How to Set Boundaries with Technology for Better Sleep

Using Technology for a Better Sleep

As a parent, you know how important it is to meet the basic needs of your children. Most parents understand the benefits of proper nutrition and exercise for their kids. But, when it comes to making sure kids get enough sleep, there can be struggles.

According to the National Sleep Foundation, school-age children should get anywhere from 9-11 hours of sleep each night. Unfortunately, studies have shown that many children only get around 7-8 hours each night, and sometimes even less.

There are a variety of factors that can play into your child’s sleep health, but technology is a big one.

We live in a digital device society, and kids are getting smartphones and tablets in their hands very early on. While that isn’t necessarily a bad thing, it’s important to set boundaries when it comes to technology – especially when it comes to getting better sleep.

So, what’s the real issue with tech and sleep? If your child is having trouble getting to bed each night, what can you do to establish healthy boundaries between them and their devices? Let’s look at why your child needs to get more sleep, how technology could be hindering it, and how you can help.

Why Sleep is Important for Kids

You’ve probably heard that sleep is important for healthy growth. If your kids have had trouble sleeping for a while, you may have even said that as an incentive for them to get some shut-eye. But, making sure your children get enough sleep is crucial for so many different reasons beyond basic growth and development.
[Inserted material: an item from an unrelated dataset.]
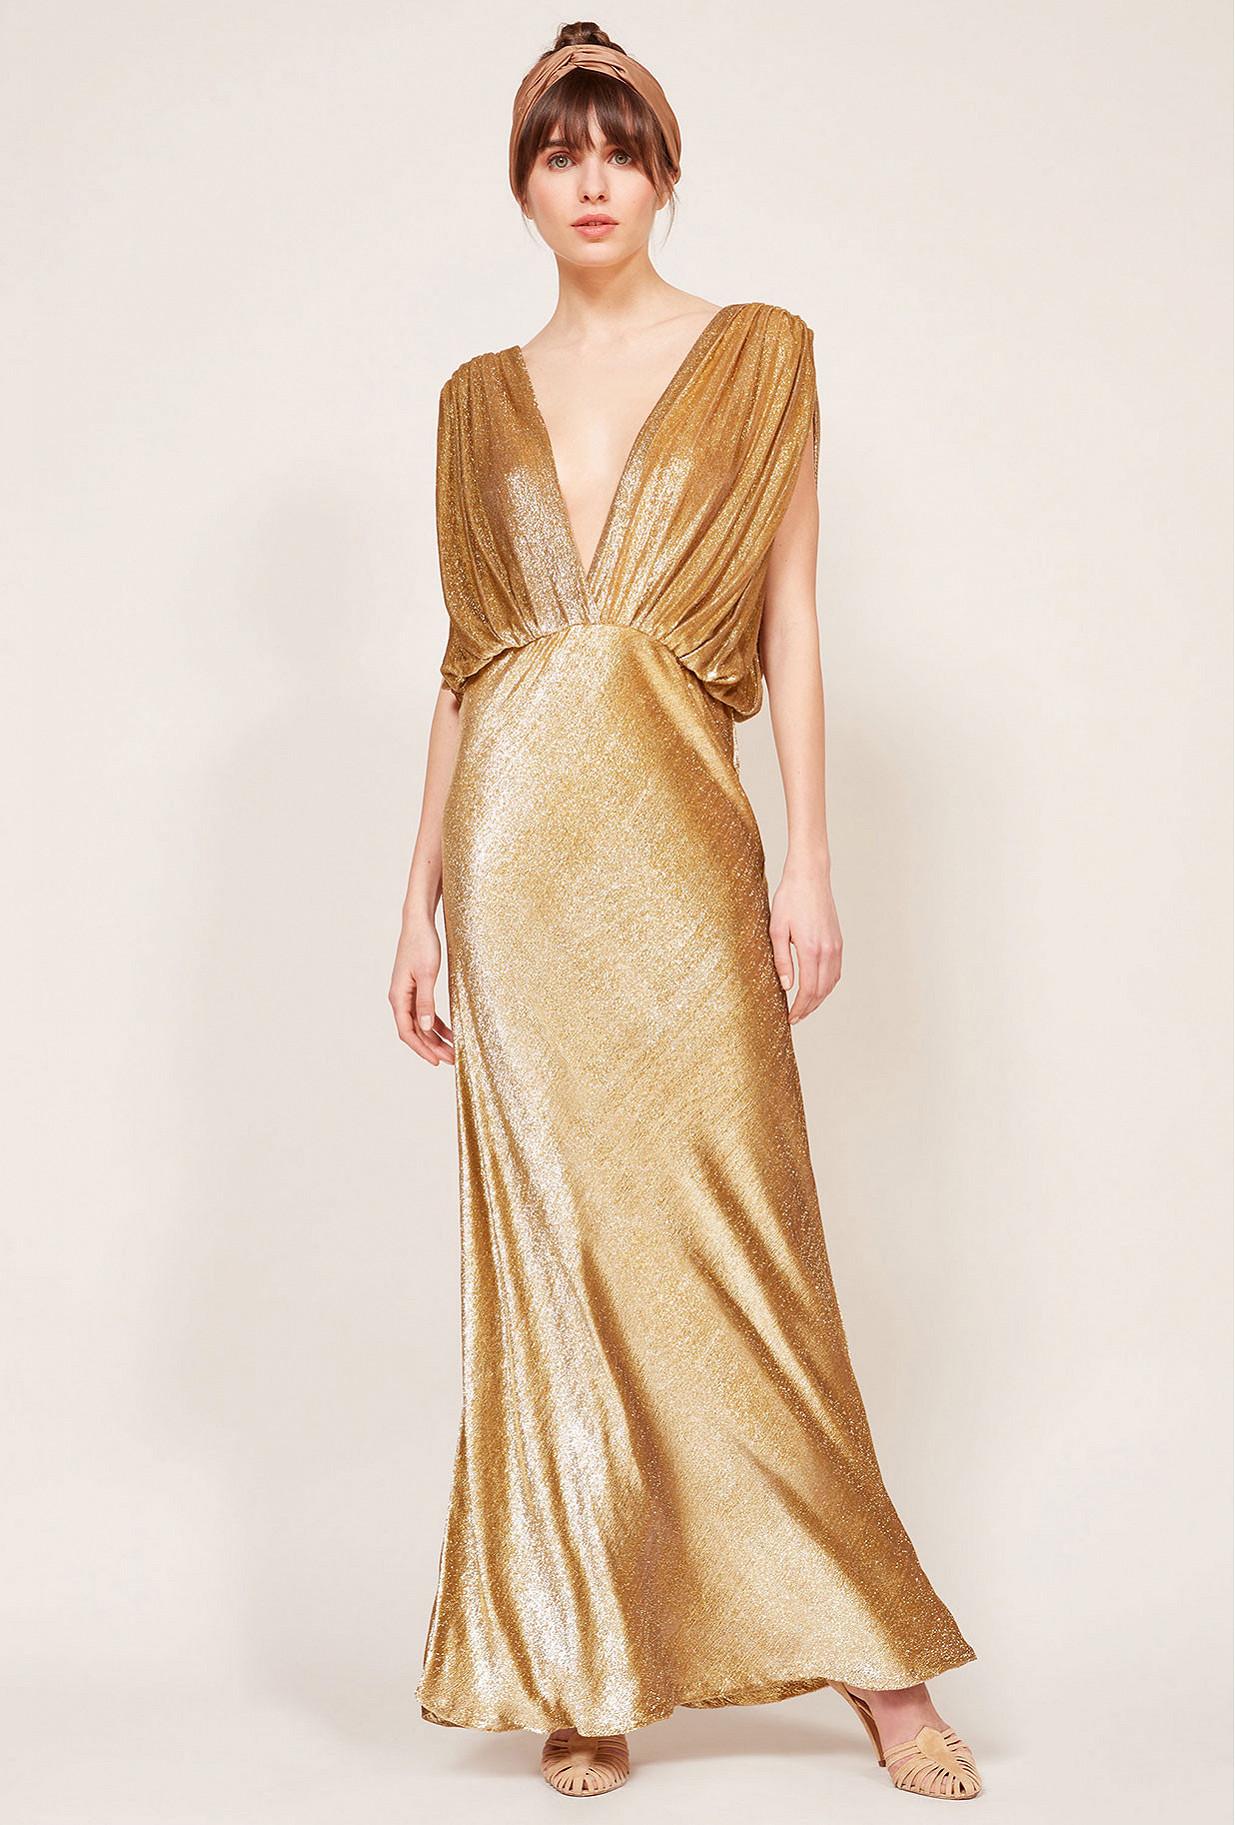 Gold Dress Helen Mes Demoiselles Paris

Not getting enough sleep, even as a child, can lead to problems like:

  • High blood pressure
  • Obesity
  • Diabetes
  • Increased risk of depression

Additionally, a lack of sleep can impact your child’s quality of life and how they get through each day. They might start to struggle in school, perform poorly in extracurricular activities, and even develop issues in their relationships. Their behaviors and attitude can change at home, especially if their mental health becomes impacted.

So, while sleep is vital for physical development and healthy functioning, it’s just as important for their mental and cognitive states.

How Technology Can Create Poor Sleep Hygiene

What does technology really have to do with kids not getting enough sleep? First, it’s been proven that most digital devices emit something called blue light. Blue light causes the body to produce less melatonin – a useful hormone that helps you feel drowsy. Exposure to blue light at night can distort the body’s natural circadian rhythms – the signals in the brain that tell your body when it’s time to be asleep and awake.

When your child’s circadian rhythms get out of sync, they’ll have a harder time falling asleep at night. Unfortunately, it doesn’t make them any less tired. Their body still needs sleep. So, they might start napping during the day or even falling asleep when they shouldn’t. That can create a vicious cycle. If they take a nap during the day, they’re less likely to sleep at night, throwing off those rhythms even more.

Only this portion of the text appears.